PISTOIA. Un testo così profondamente comunista (Viaggio al termine della notte), non può che raccogliere il nostro entusiasmo, soprattutto in considerazione del tempo in cui è stato scritto (1932), quando essere compagni aveva un senso ed era una missione, non fingerlo di esserlo, come succede da troppe stagioni, per una detestabile opportunità. Detto questo, di Louis-Ferdinand Céline e del suo inoppugnabile capolavoro, visto che Elio Germano ha deciso di portarlo in scena, occorre scendere in dettagli teatrali e concentrarli sulla rappresentazione andata in scena ieri sera, 30 agosto, al Teatro Manzoni di Pistoia, in uno di questi anomali, ma mirabili, appuntamenti di Spazi Aperti voluti ed egregiamente allestiti dall’Atp. Al cospetto del nichilismo céliniano non si poteva che abbinare all’opera, visto che ha deciso e voluto musicarla, un’atmosfera tetra, dark, che molto si addice al cupismo del testo. Però, Teho Teardo (l’ala musicale della rappresentazione) e le sue tre strumentiste al seguito (Laura Bisceglie, violoncello; Ambra Chiara Michelangeli, viola ed Elena De Stabile, violino) avrebbero potuto avvicinarsi un po’ di più agli Art of Noise, conservando quel timbro musicale che noi detestiamo, ma che si abbina maledettamente bene a Céline in una perfetta e simbiotica evocazione.
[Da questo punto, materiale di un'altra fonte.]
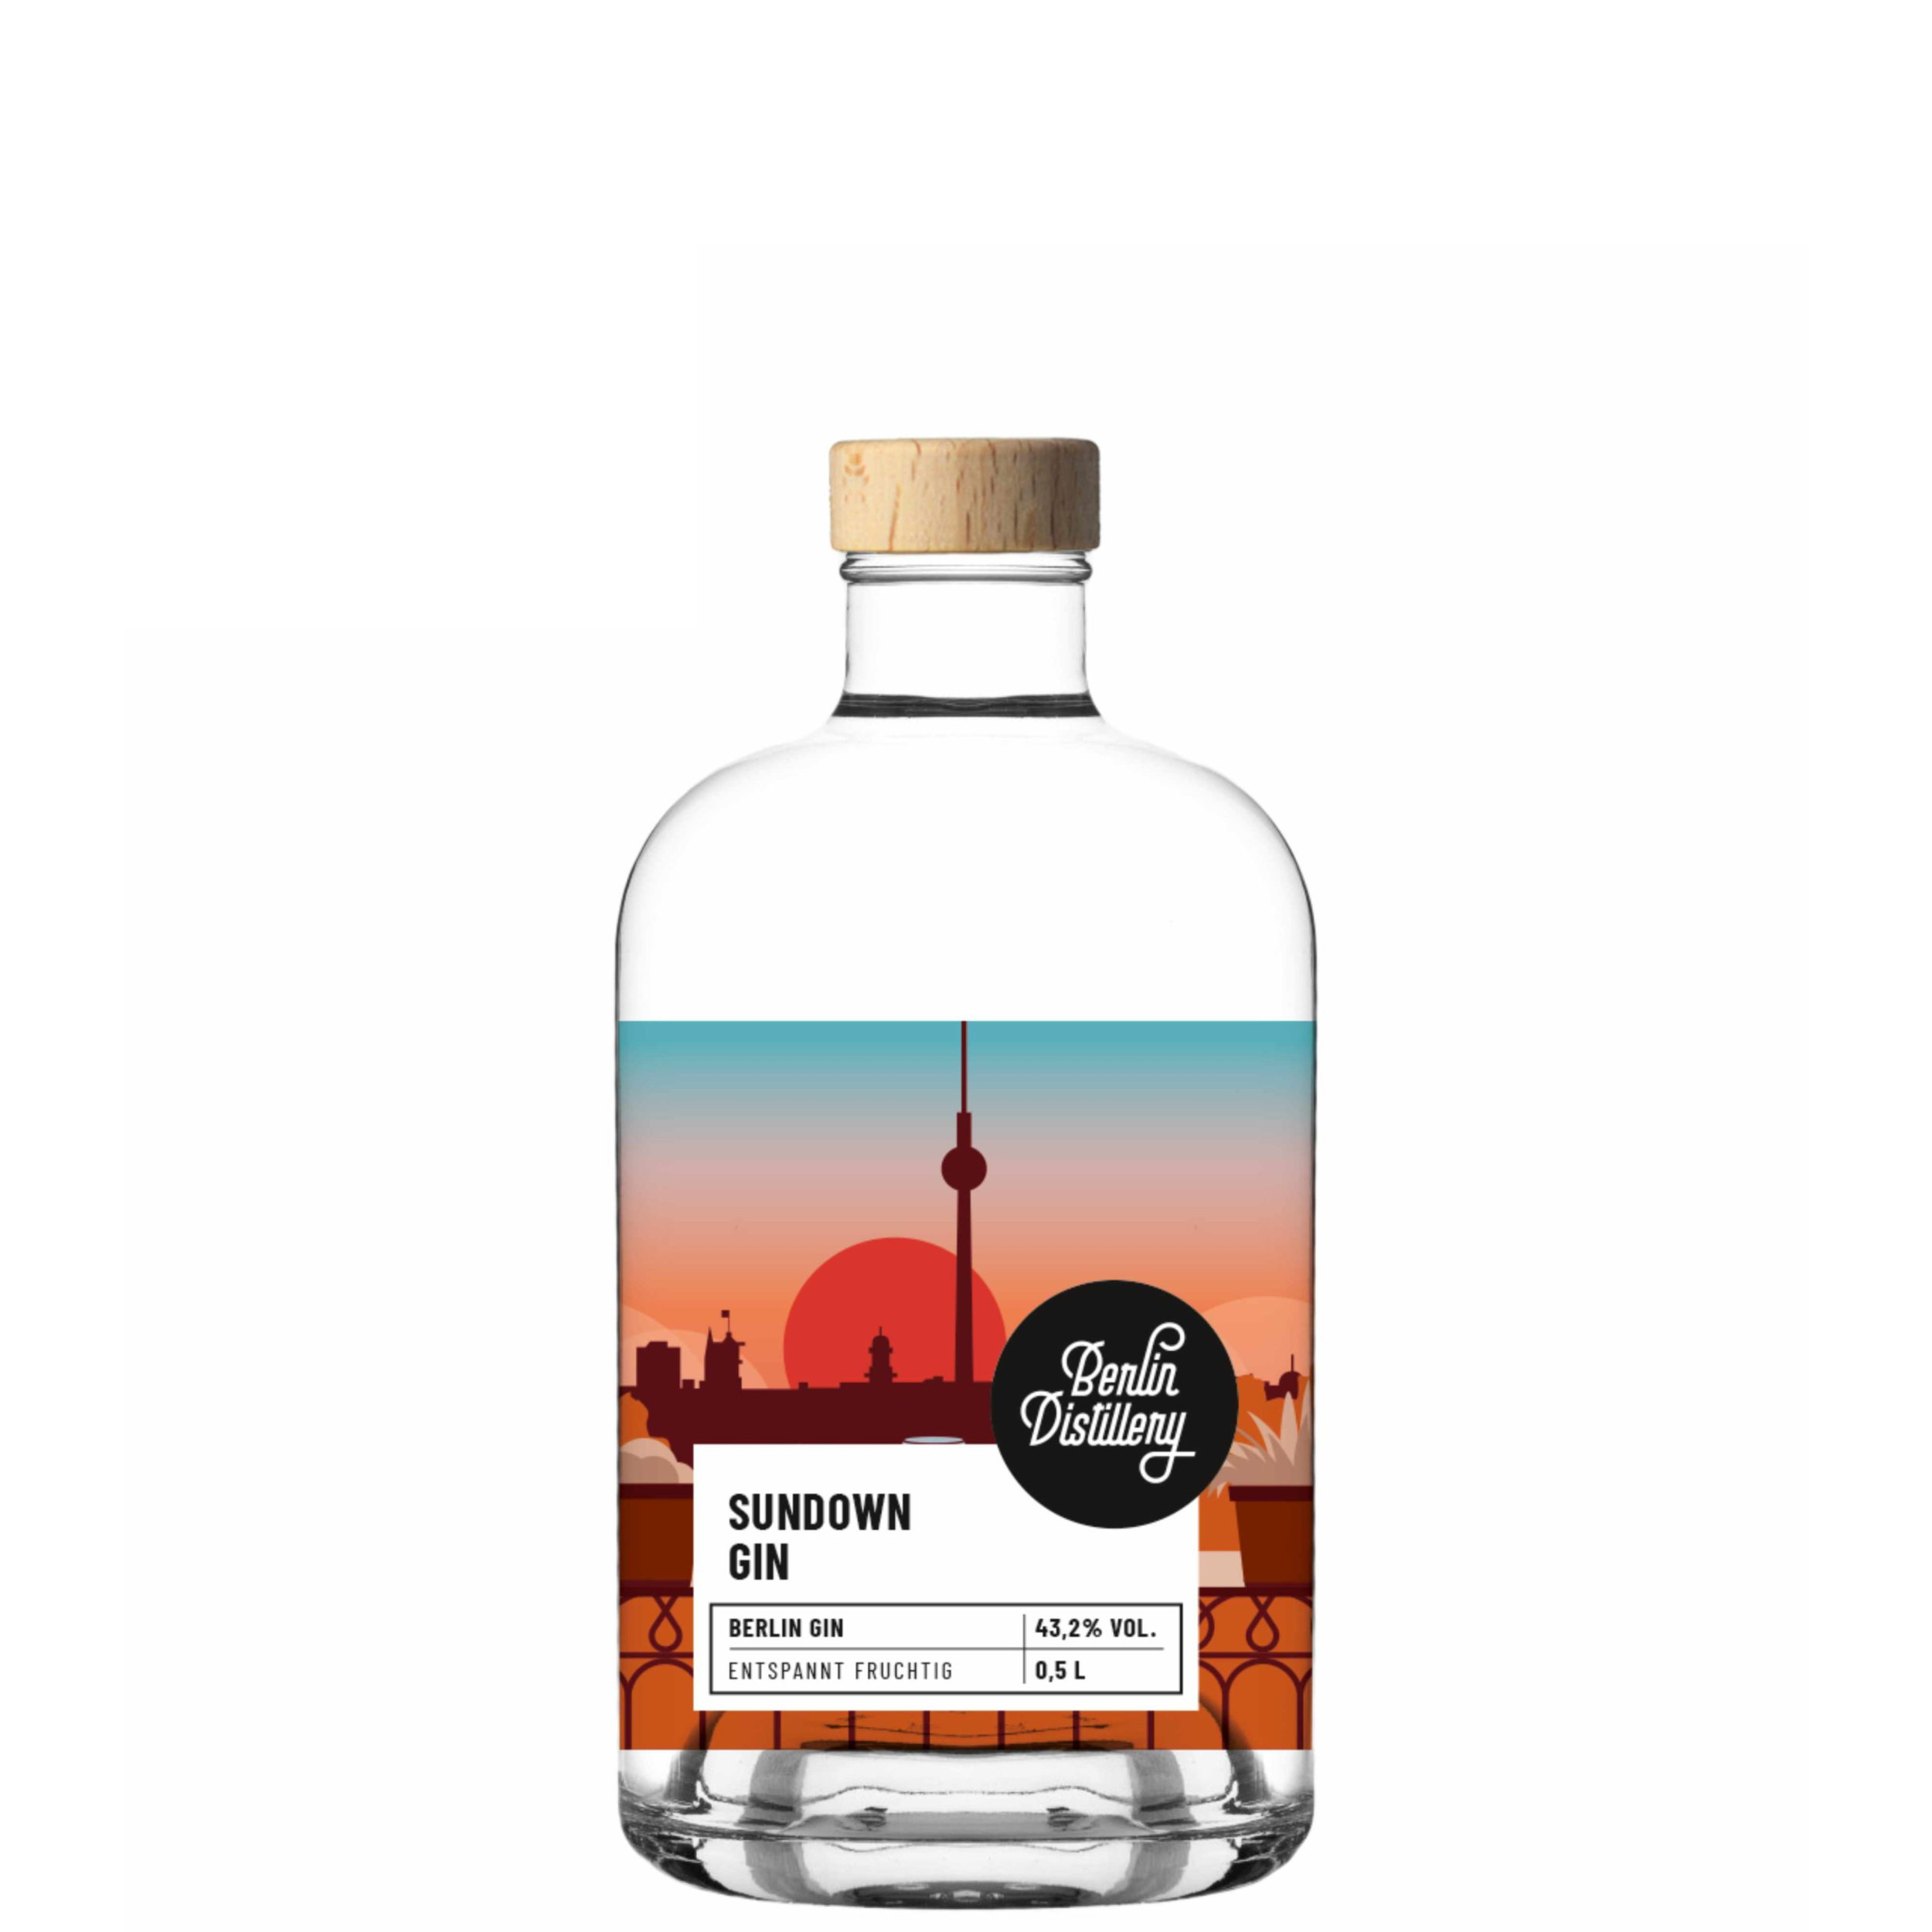 Berliner Distillery Sundown Gin

E anche Elio Germano, attore, parecchio cinematografico, ricco di fascino e dote, che porta in giro lo spettacolo da circa due lustri (anche se a intervalli altamente irregolari, immaginiamo), potrebbe anche decidersi di impararlo a mente, il testo, invece che costringersi a leggerlo sui fogli dai quali deve poi liberarsi con malcelata nonchalance. Affamati come siamo di spettacolo comunque, taluni dettagli, che in tempi previrali ci avrebbero assai più energicamente indispettito, passano tranquillamente in cavalleria senza che la nostra censura li sottoponga al metal detector dei nostri insindacabili parametri. Che si erano immediatamente ben predisposti, tra l’altro, all’inizio, quando l’atmosfera di questo viaggio al limite delle tenebre della notte sull’aberrante, cinica, mostruosa irragionevolezza della guerra ci ha piacevolmente riportato al turbamento che soffrimmo con il Cantico dei cantici di Roberto Latini. E su quella falsariga rappresentativa lo spettacolo ha continuato a muoversi, tra racconto, sogno spettrale e un sottofondo musicale che spesso prende il sopravvento e si fa personaggio, terribilmente scomodo, di una tragedia che purtroppo non ha avuto fine. Insomma, due intellettuali (Elio Germano e Teho Teardo) subbissati di premi e riconoscimenti al servizio di una rilettura, appassionata e funesta, di un’opera di un altro immenso intellettuale (Louis-Ferdinand Céline)che ha segnato la letteratura del primo ‘900 senza, ahinoi, perdere con il trascorrere dei decenni e della civiltà il suo drammatico peso specifico. Lo spettacolo, inizialmente previsto nel giardino della Fortezza Santa Barbara, è stato dirottato, per un brusco irrigidimento atmosferico condito dal rischio precipitazioni, al Teatro Manzoni, dove, paradossalmente, il caldo l’ha fatta da padrona.